◆ **Problem details**: The pictures get dropped, while every remaining part of the listing is copied exactly.

◆ **Data section**:
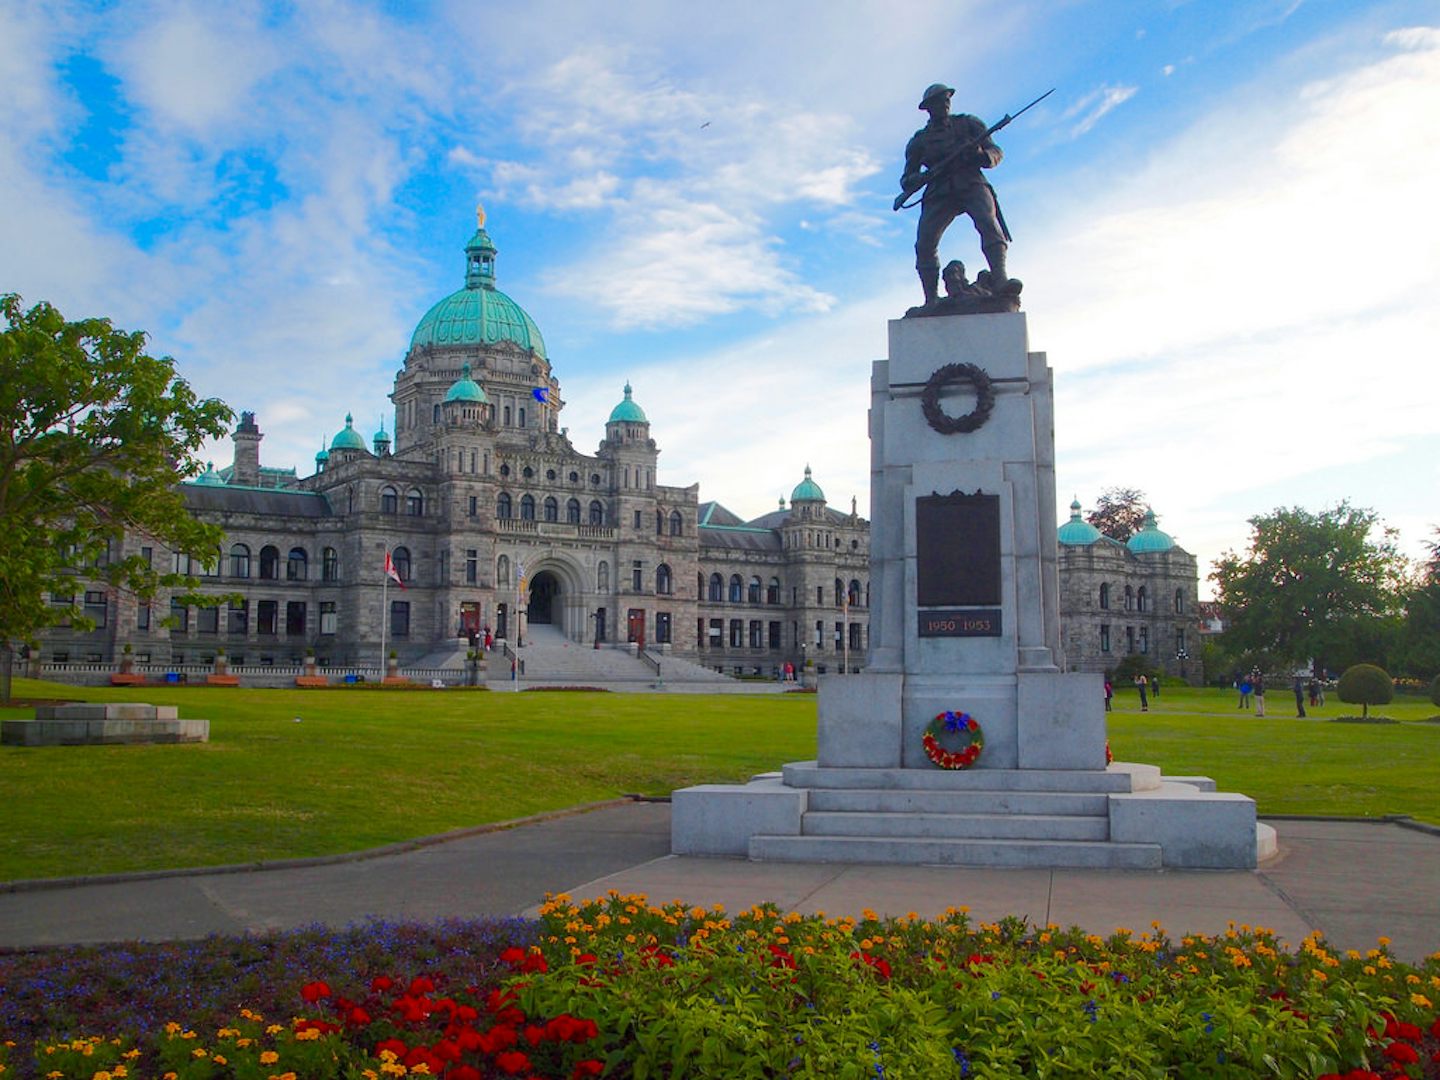 Victoria, BC: British Columbia Parliament buildings
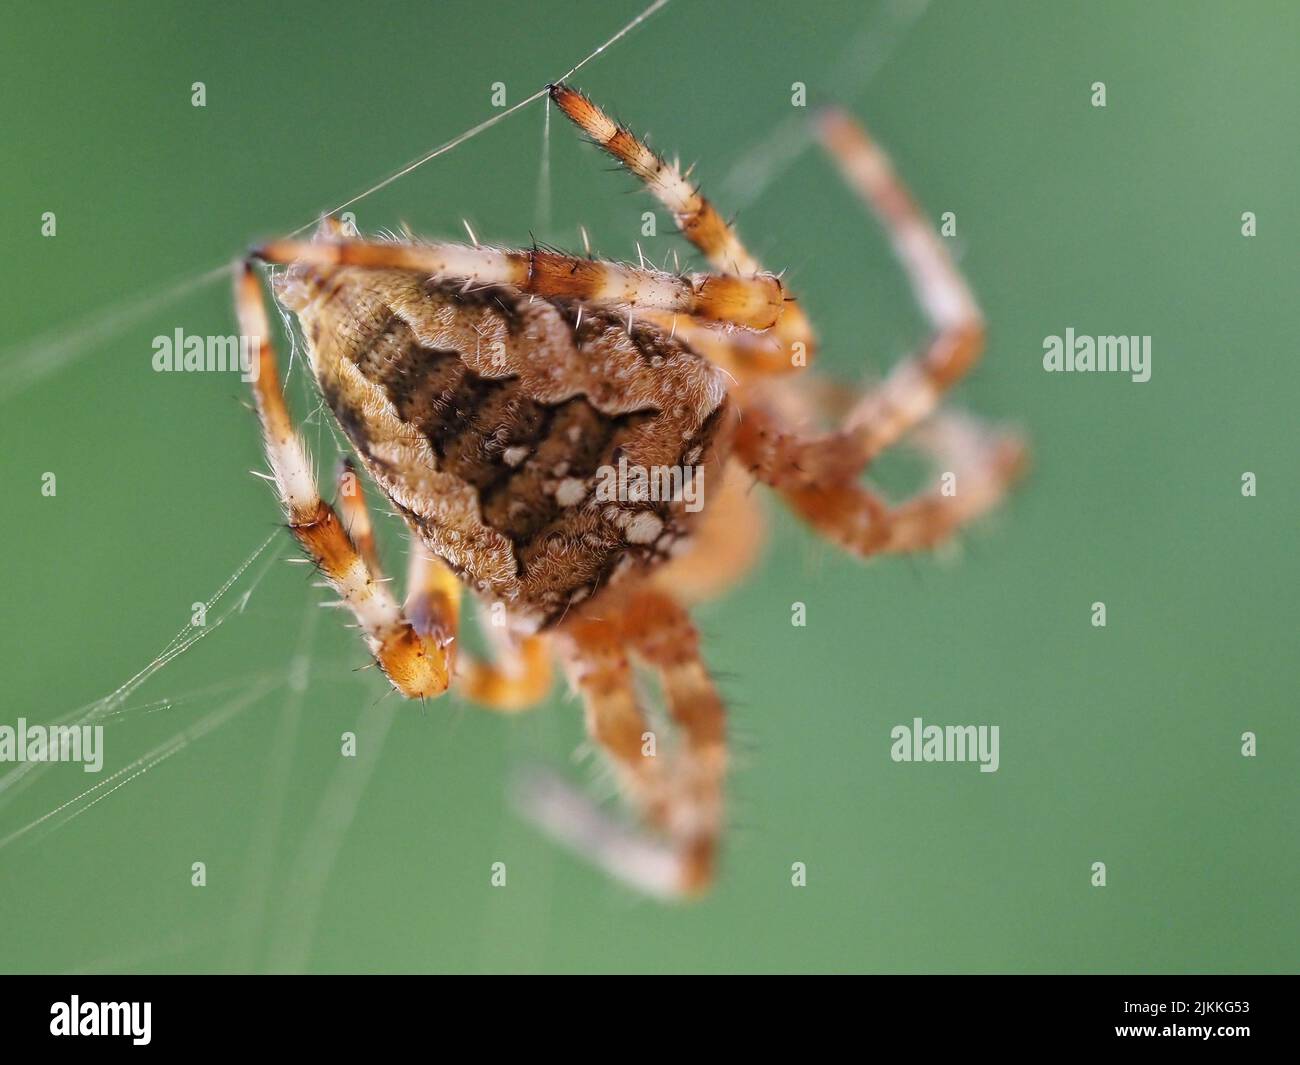 Nahaufnahme einer europäischen Gartenspinne, die auf einem verschwommenen grünen Hintergrund am Spinnennetz hängt Stockfoto
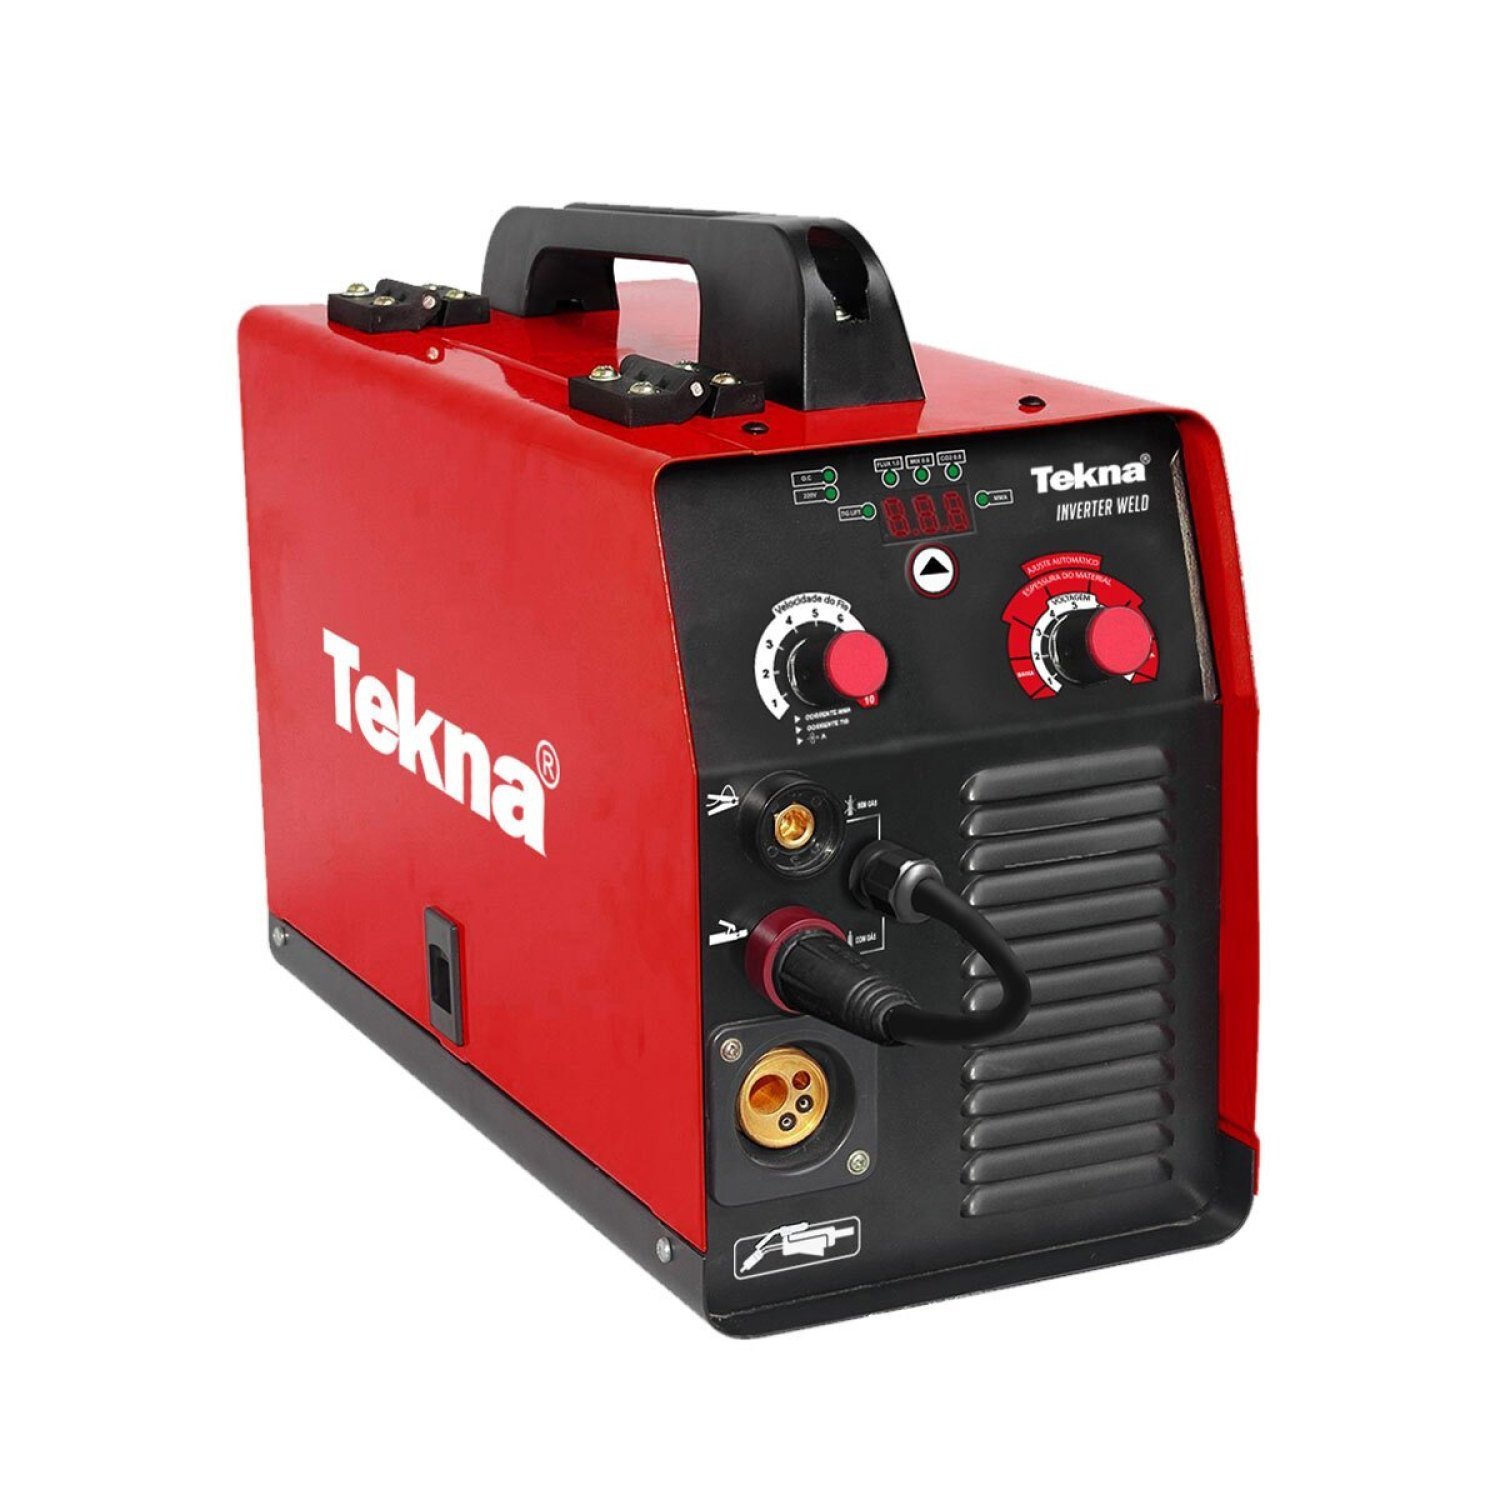 Maquina de Solda Tekna Inverter Weld Mig/mma/tiglift 160a 220v 60hz com Painel Digital - 1
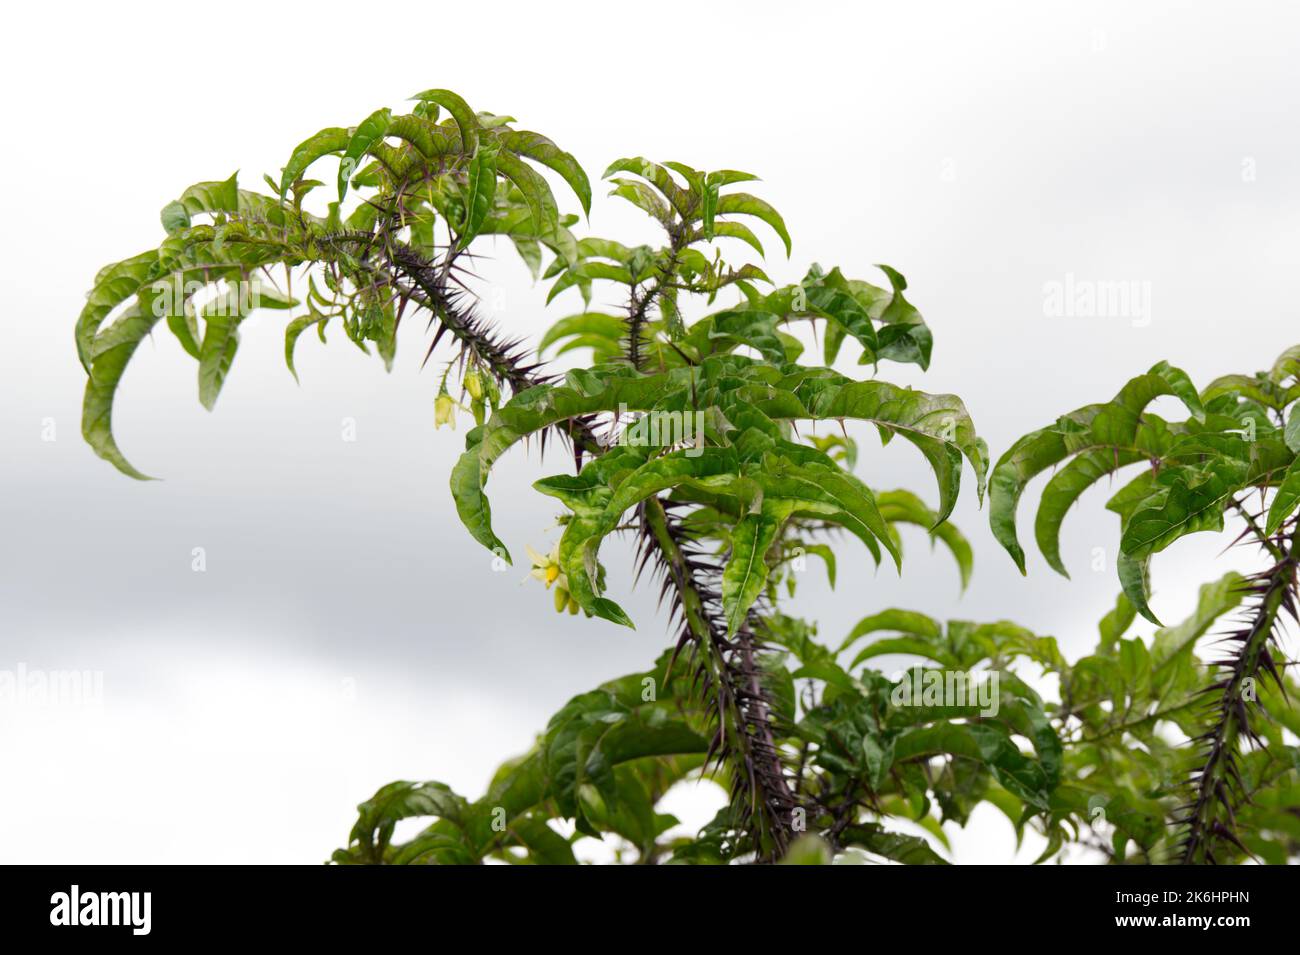 Sommerblumen, wenn spurig, architektonische Pflanze Solanum atropurpurem ganzjährig aus Brasilien im britischen Garten Juli Stockfoto

◆ **Your response**:
 Victoria, BC: British Columbia Parliament buildings
 Nahaufnahme einer europäischen Gartenspinne, die auf einem verschwommenen grünen Hintergrund am Spinnennetz hängt Stockfoto
 Maquina de Solda Tekna Inverter Weld Mig/mma/tiglift 160a 220v 60hz com Painel Digital - 1
 Sommerblumen, wenn spurig, architektonische Pflanze Solanum atropurpurem ganzjährig aus Brasilien im britischen Garten Juli Stockfoto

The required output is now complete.